A few of the kids are siblings. Snow says this is tolerated because their parents run their own business. Out in this part of the country, if you violate the one-child stricture, you can just pay a fine and get on with your life; although government workers would probably be fired.

Peter, Snow, and I hung out with the kids while the ladies prepared dinner — as she does not consider herself a chef, Snow’s favorite trick is to invite fantastic cooks to dine on meals of their own preparation. Terrific smells wafted in from the kitchen as Snow coached Blue and his friends to introduce themselves in English. They were pretty good.

Once dinner was served, we all gathered around the table. Snow poured a small measure of wine for each kid, and we toasted Blue’s seventh year. Then we toasted Halloween. And then we toasted Blue’s impending exam. The children gobbled and then split to go play in the next room.

The adults lingered at the table for hours, sharing stories with the help of Snow’s translation. (Though the other women had some English; the doctor, in particular, appeared to understand a lot more than she could speak.)

The partiers say goodbye
Our parting shot, before all the kids went home to crash in bed.
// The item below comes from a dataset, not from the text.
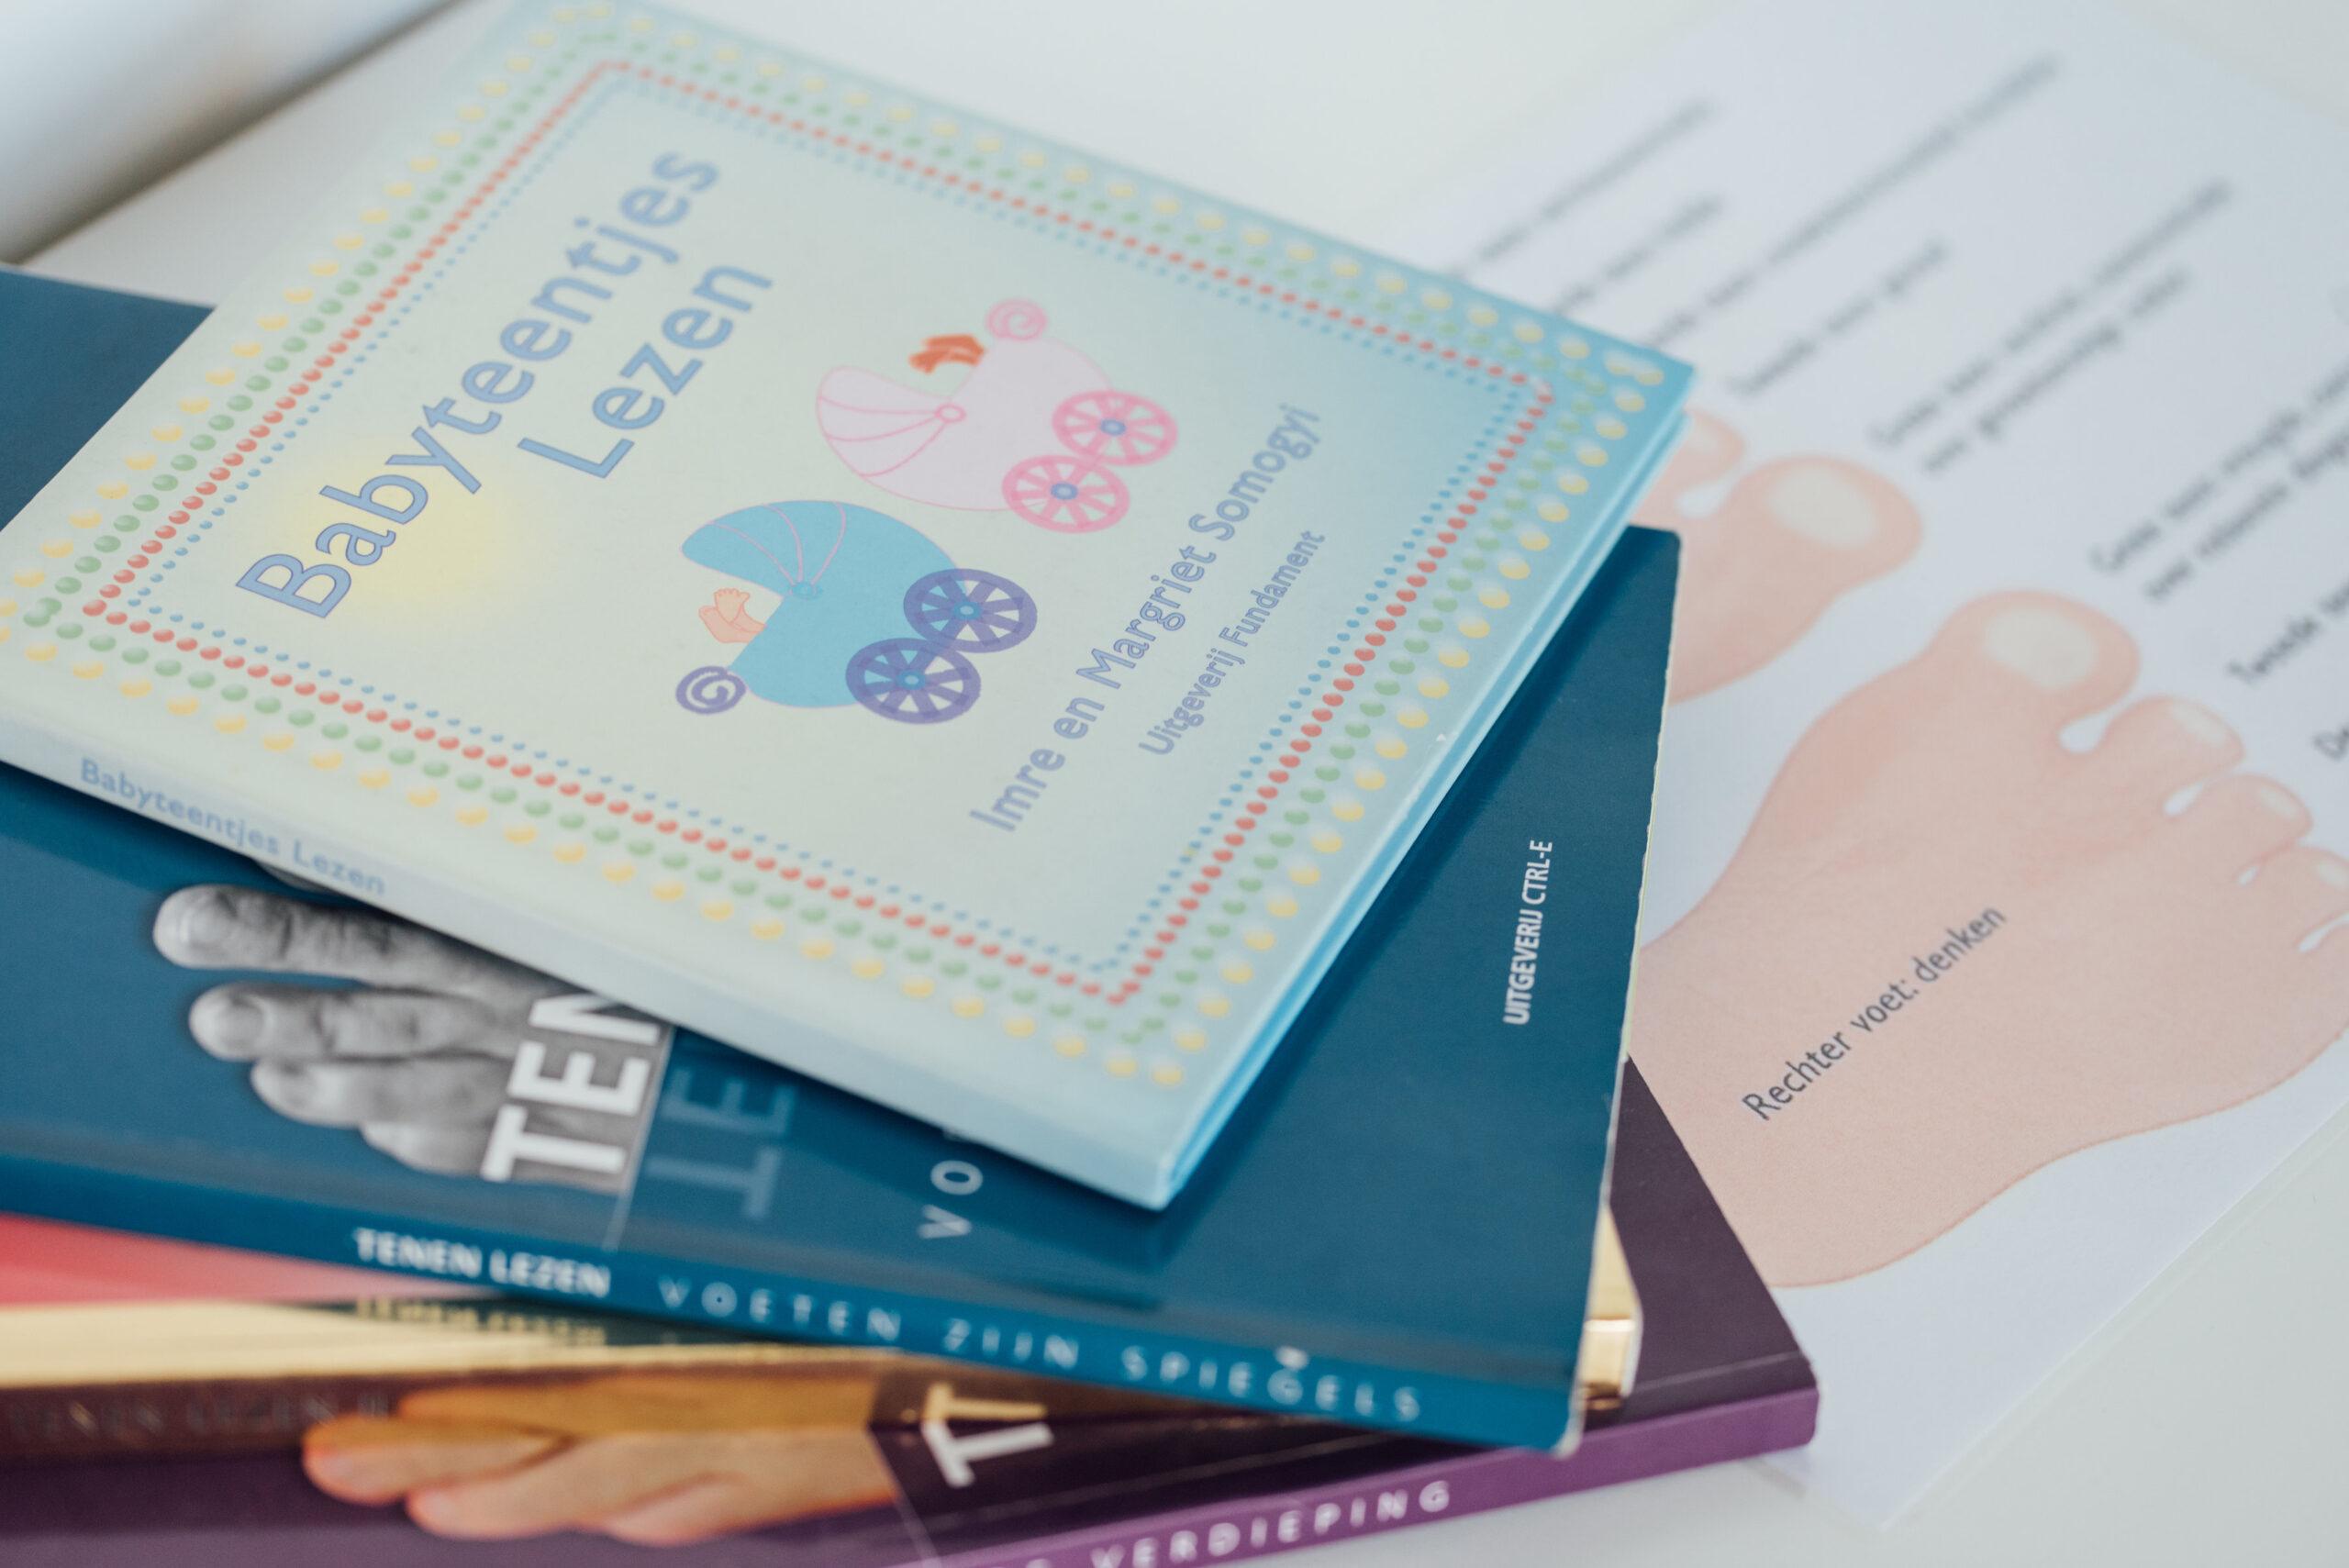 Boeken over tenen lezen

We collectively decided … In south China, men and women share cooking and household duties; In the north it all falls to the ladies. Does geography influence character? A friend of Snow’s had studied in Lincoln, Nebraska, and found the weather and the people cold. Americans eat don’t know the joys of seasonal produce. The Chinese don’t like to travel. Americans should love 串串, and, hey … business idea!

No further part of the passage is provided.